Philip Wheeler, a Republican attorney making his first run for office, narrowly won the race to replace a Democratic state senator from eastern Kentucky. Darrell Pugh, a Democrat who tried to focus the race on unpopular Gov. Matt Bevin (R), ran as a conservative; that didn't stop Wheeler from branding him a “Pelosi-Clinton Democrat.”
The result: Wheeler won with 52.3 percent of the vote, in a district where Donald Trump had won more 82 percent of the vote. It was the fourth Republican win in a Democrat-held state legislative seat this year and the third in a district that had been carried by Trump.
Democrats, unbowed, believe that they have a strong chance of unseating Bevin in November. But if they do, it may be with a governing coalition that looks like nothing in Kentucky's history — rural areas sticking with the GOP while the suburbs of Louisville, Lexington and Cincinnati grow bluer.
Until this week, the Democratic National Committee was in talks with Fox News about hosting one of the 12 televised debates planned for its presidential primary. Then came Jane Mayer's blockbuster story about Fox News's support for the 2016 Trump campaign. The shrapnel cut right through the DNC/Fox negotiations, and the network will not host a debate after all.
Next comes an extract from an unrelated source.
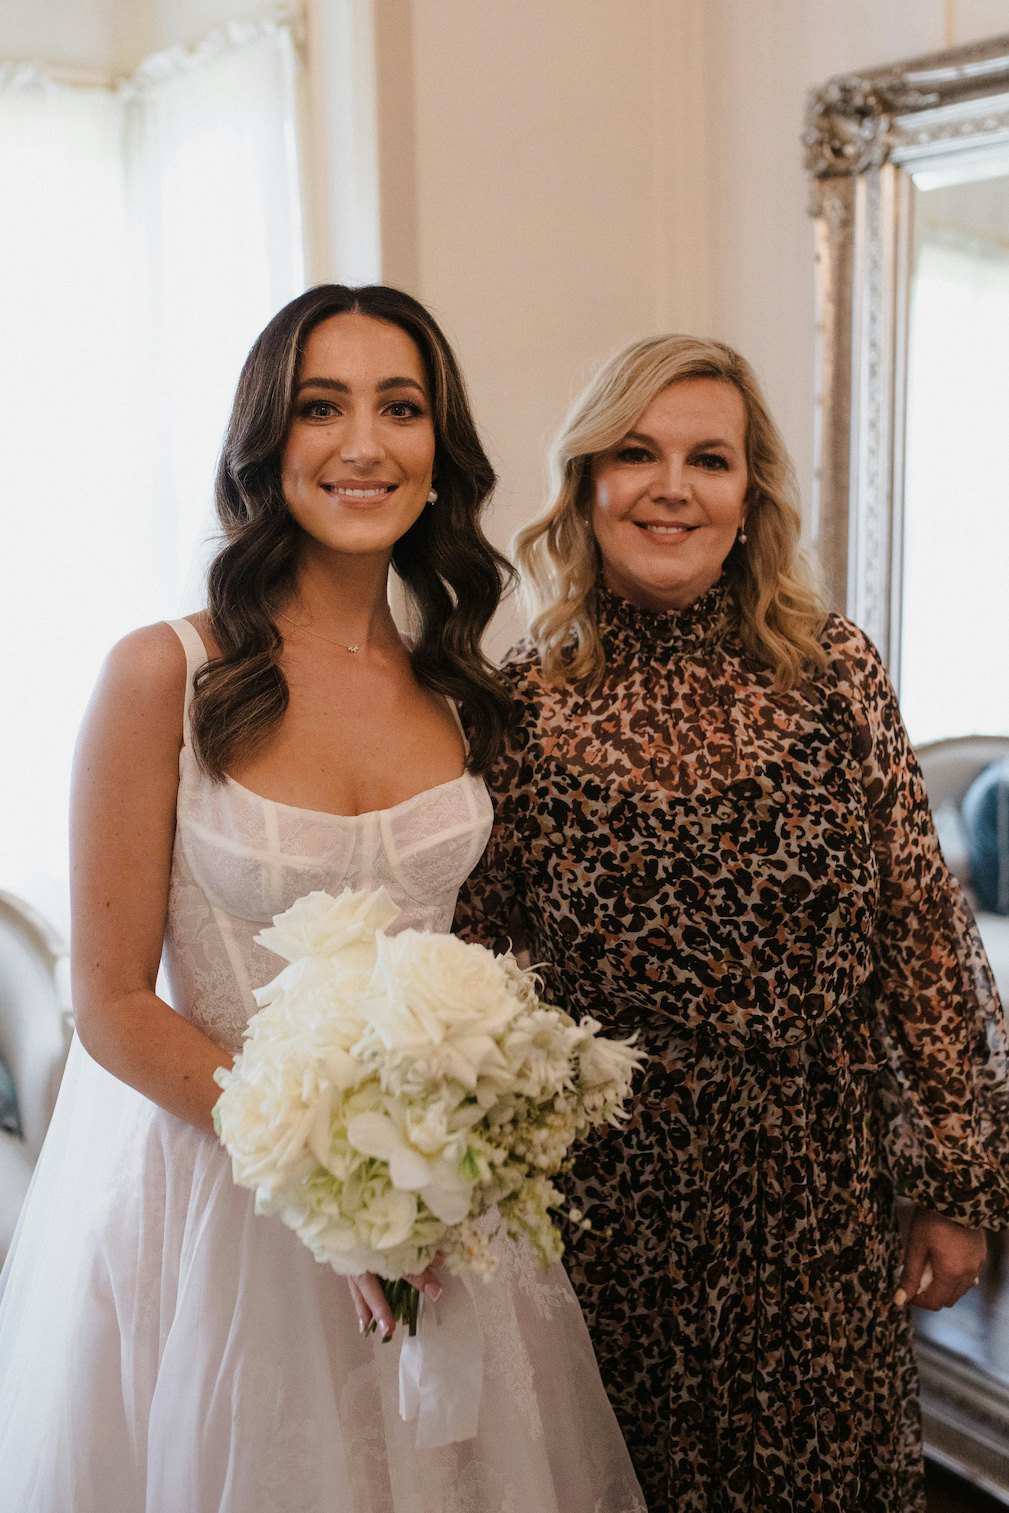 Bride and mother-of-the-bride

Last month, The Trailer talked to the network's Washington managing editor Bill Sammon and heard a friendly argument for why the No. 1 network in cable could introduce Democrats to an unfamiliar audience. So far, criticism of the DNC has echoed Sammon: Democrats have been accused of protecting their candidates from a skeptical audience and hard questions, both of which would toughen them up for 2020.
“Being president involves making unpalatable decisions and confronting tough customers on a daily basis,” wrote Politico's Jack Shafer. “It means learning how to tell voters what they don’t want to hear and convince them they should like it. So any politician who can’t hold his own against a journalist from the other team should be disqualified from running.”
That's a popular argument that ignores two important facts. The first is that some 2020 Democrats have been sitting for skeptical interviews. Sen. Kirsten Gillibrand (D-N.Y.) and Sen. Amy Klobuchar (D-Minn.) have both sat down with Chris Wallace, generally acknowledged as the toughest and fairest Fox News interviewer; Sen. Elizabeth Warren (D-Mass.) has defended her tax proposals on business-friendly CNBC.
The second fact is that Republicans spent part of their last campaign working to protect their presidential candidates from debate questions they didn't like, and they did so proudly. In 2013, after being reelected as chairman of the Republican National Committee, Reince Priebus said that the parade of 2012 primary debates had hurt Republican candidates. “I've got to protect this party and our nominees,” he explained.
Priebus acted on that, helping the party to veto some moderators and eventually cutting bait on a planned NBC/Telemundo debate after a CNBC debate angered the candidates. “CNBC's moderators engaged in a series of 'gotcha' questions, petty and mean-spirited in tone, and designed to embarrass our candidates,” Priebus wrote at the time. “What took place Wednesday night was not an attempt to give the American people a greater understanding of our candidates' policies and ideas.”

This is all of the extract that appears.